Commemorating the 75th Anniversary of the First Sustained Nuclear Reaction
To: Members of the University Community
From: Daniel Diermeier, Provost
Subject: Commemorating the 75th Anniversary of the First Sustained Nuclear Reaction
Date: September 19, 2017
One of the most historically significant locations on our campus is Henry Moore’s Nuclear Energy sculpture, which commemorates the site at the old Stagg Field where scientists worked in secret to produce the world’s first controlled, sustained nuclear reaction on December 2, 1942. Some of us pass the sculpture every day, only sometimes considering what a profound turning point it represents.

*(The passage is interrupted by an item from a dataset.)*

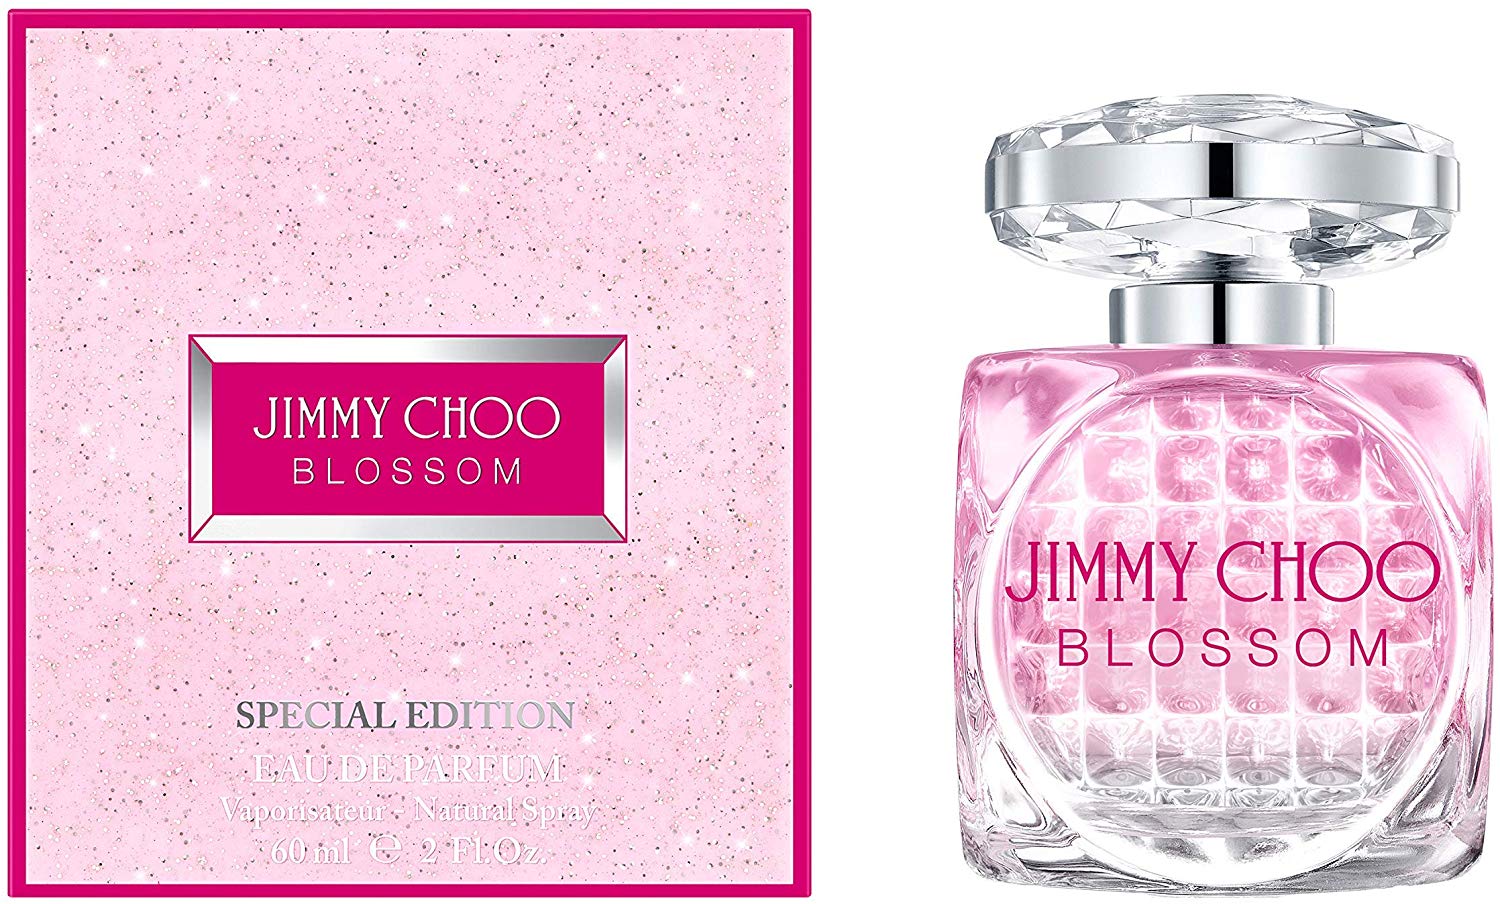 Jimmy Choo Jimmy Choo Blossom Special Edition Eau de Parfum 60ml Spray - Peacock Bazaar

The approaching 75th anniversary of that first nuclear reactor provides an unusual opportunity for our community to reflect on the meaning of the scientific feat and its complex legacy, which continues to impact world affairs. Starting this month, and as a result of a recommendation from a faculty committee, the University is hosting a series of events titled “Nuclear Reactions — 1942: A Historic Breakthrough, an Uncertain Future.” The events, listed here, will bring together perspectives from many fields — including the arts, energy, engineering, medicine, nuclear physics, and policy — to assess the enormous power that the first chain reaction unleashed in the world, with the potential for good or for vast destruction. The commemoration will culminate with a two-day program on December 1-2 that will include discussions with global experts and artistic performances, including the world premiere of the composition “Plea for Peace” by University Professor Augusta Read Thomas. To help introduce the series, the University has produced a brief video that captures the scientific drama and dilemmas that emerged in 1942.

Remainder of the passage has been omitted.